Entre cascotes de tierra seca los chicos escarbaron las plantas de melones en un último intento por salvarlas. El agua que les echaron con baldes parece no ser suficiente para lograr ese milagro. Un poco más allá, otro grupo regó con manguera la plantación de aromáticas, también con la misma esperanza. Son los alumnos de la Escuela Agrotécnica de Zonda, edificio que nunca contó con agua de regadío para mantener sus cultivos. Su director reconoció que a veces hasta sacan sin permiso agua de las propiedades lindantes para que los chicos puedan hacer las prácticas de agricultura.
Hace nueve años que se inauguró la Escuela Agrotécnica de Zonda, y todavía no cuenta con agua para regadío. Durante los primeros años de funcionamiento no fue tan problemático regar los cultivos que hacían los chicos durante las clases prácticas, porque el terreno destinado a la siembra era muy limitado y bastaba con el agua que se extraía de la acequia con una bomba. Pero la situación se agravó cuando el espacio para cultivo se expandió. "Como creció la matrícula y cada profesor quería su espacio para las clases prácticas, pedimos en donación parte del terreno del Instituto Nazario Benavídez, que está detrás de la escuela y abandonado -explicó el director del establecimiento, Pedro Tello-. La Dirección del Menor nos donó 3 hectáreas. Y ahí comenzamos a padecer la escasez del agua".

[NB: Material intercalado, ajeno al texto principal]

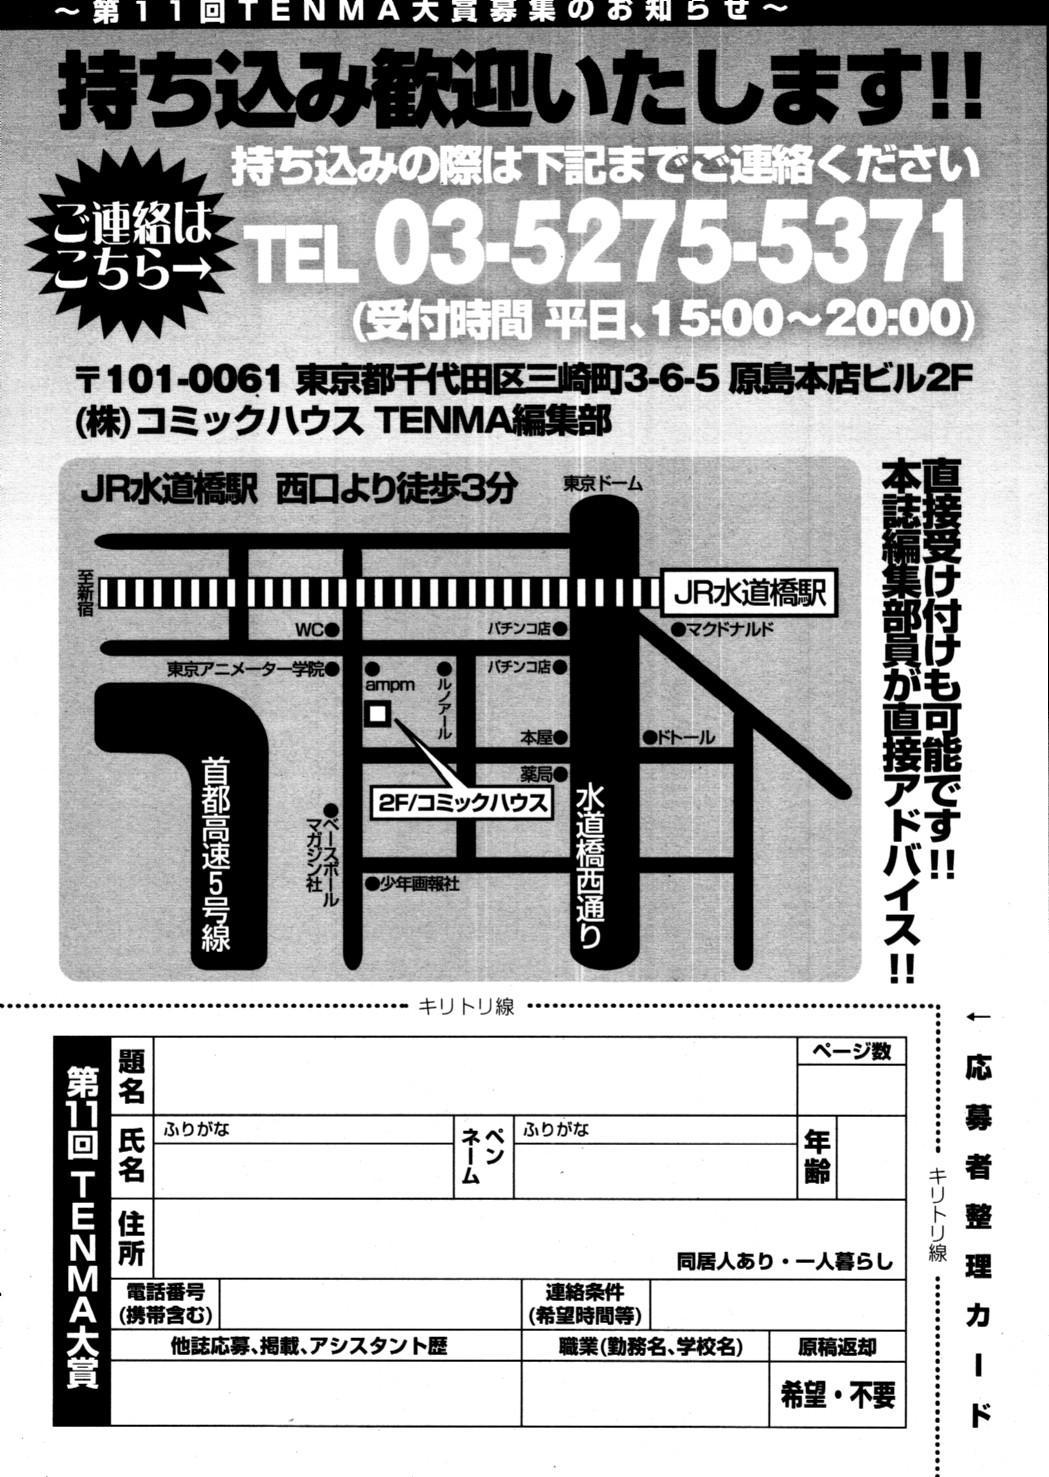 COMIC Tenma 2010-09 419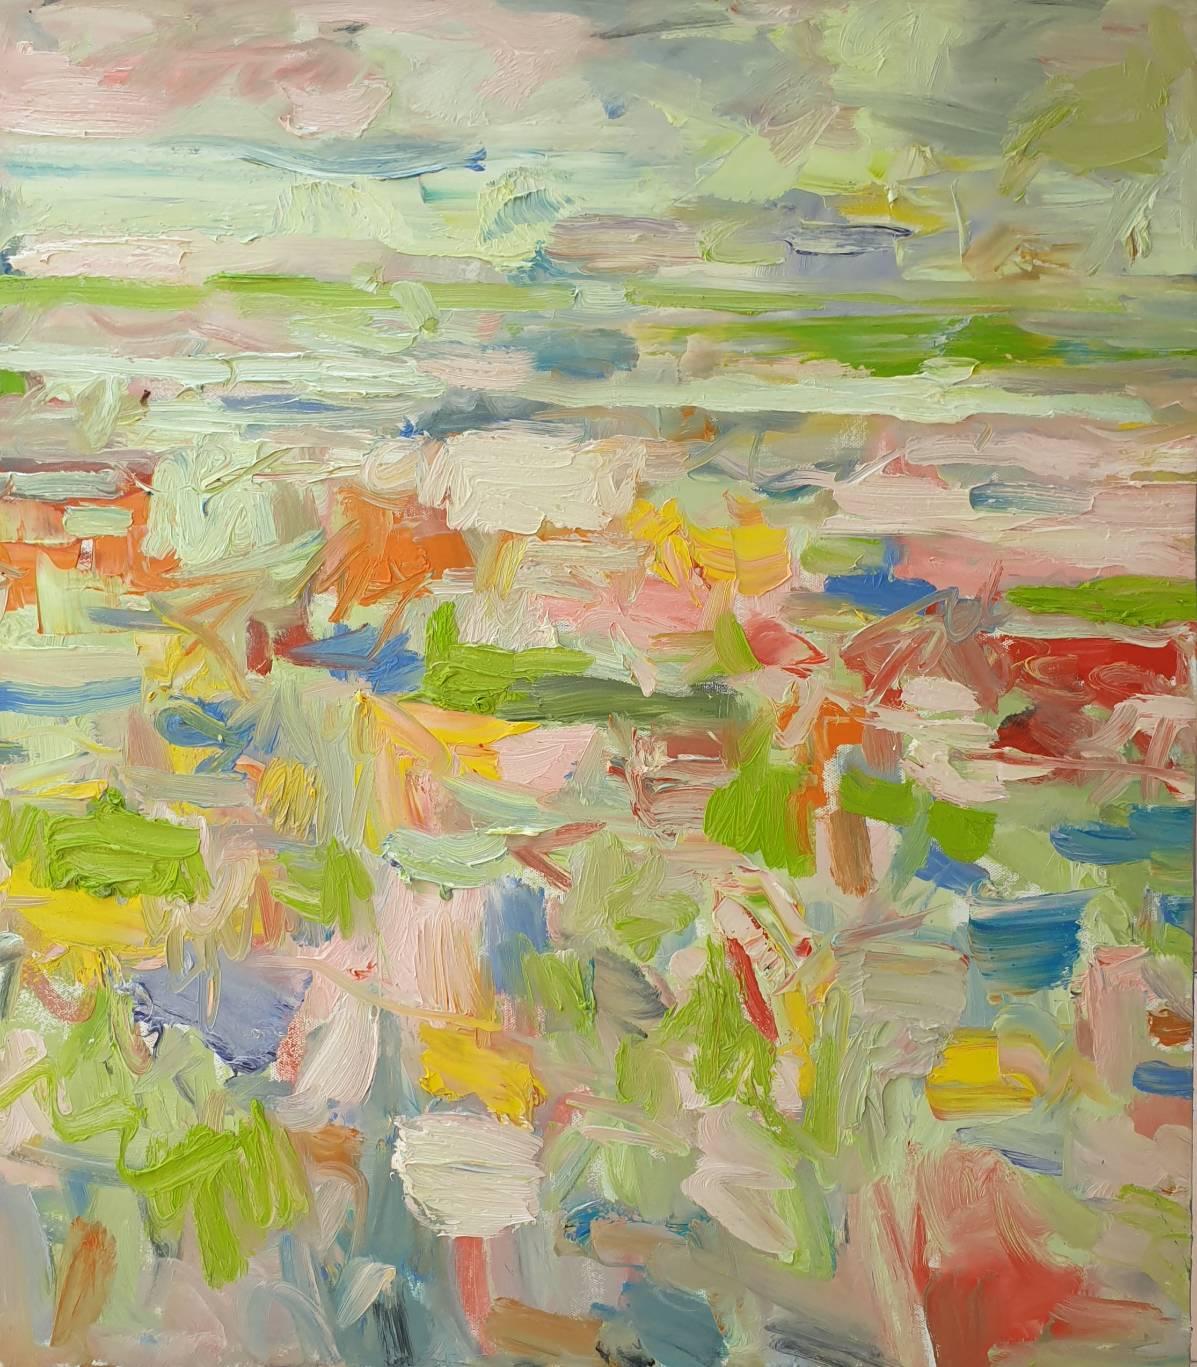 Summer 1/2019 70×80 cm. Oil on canvas

Tello contó que por un tiempo, cuando le tocaba el turno de riego al Nazario Benavídez (autorizado por Hidráulica), sus directivos cedían un par de horas de agua a la escuela para regar la siembra hecha por los alumnos. Pero que desde que Fecoagro, la empresa dedicada a la producción de semillas hortícolas, hizo sus plantaciones en terrenos de este instituto para menores, la escuela dejó de contar con el regalo. "Desde entonces esperamos que les toque el turno, atravesamos el alambrado y levantamos algunas de sus compuertas para que nos pase algo de agua para regar -confesó el director de la escuela-. Aunque eso nos obligue a quedarnos después de clase o venir a las 2 de la mañana. De todos modos, el agua que pasa no es suficiente porque viene a través de acequias angostas y con poco caudal, y no alcanzamos a regar los cultivos más alejados".
Esta escasez de agua hizo que tanto los docentes como los alumnos de este establecimiento se las ingeniaran para intentar que sus plantas sobrevivieran. Hicieron largas filas para pasarse de mano en mano baldes con agua que extrajeron de la acequia que pasa por el frente de la escuela. Reemplazaron el cultivo de tomates y lechugas por pistachos, que sólo necesitan dos riegos a la semana para crecer normalmente. Y optaron por inundar los almácigos del invernadero, aún con el riesgo de que mueran por exceso de humedad. "Los almácigos y plantines se colocan en canchas de cría, que son pozos cavados en la tierra, para llevar un control y orden de lo que se tiene -explicó el docente Nelson Ahumada-. Pero nosotros las inundamos para que retengan la humedad por unos siete días. El riesgo es que haya un golpe de calor que caliente el agua y las plantas se terminen quemando".
El director Tello dijo que la solución para el problema del agua es que Hidráulica le dé al establecimiento un turno de regadío. Pero que desde esa dependencia le dijeron que no es posible hasta que el terreno en su totalidad esté escriturado, condiciones que las autoridades de la escuela están tramitando. "Ya nos visitó Catastro, pero ahora necesitamos que la Dirección de la Niñez defina exactamente hasta dónde se extiende la zona que nos donó -sostuvo Tello-. Creo que no van a demorar en hacerlo porque entienden nuestra necesidad. Y la de cada alumno, que se desanima al ver que después de tanto esfuerzo, su trabajo murió por falta de agua".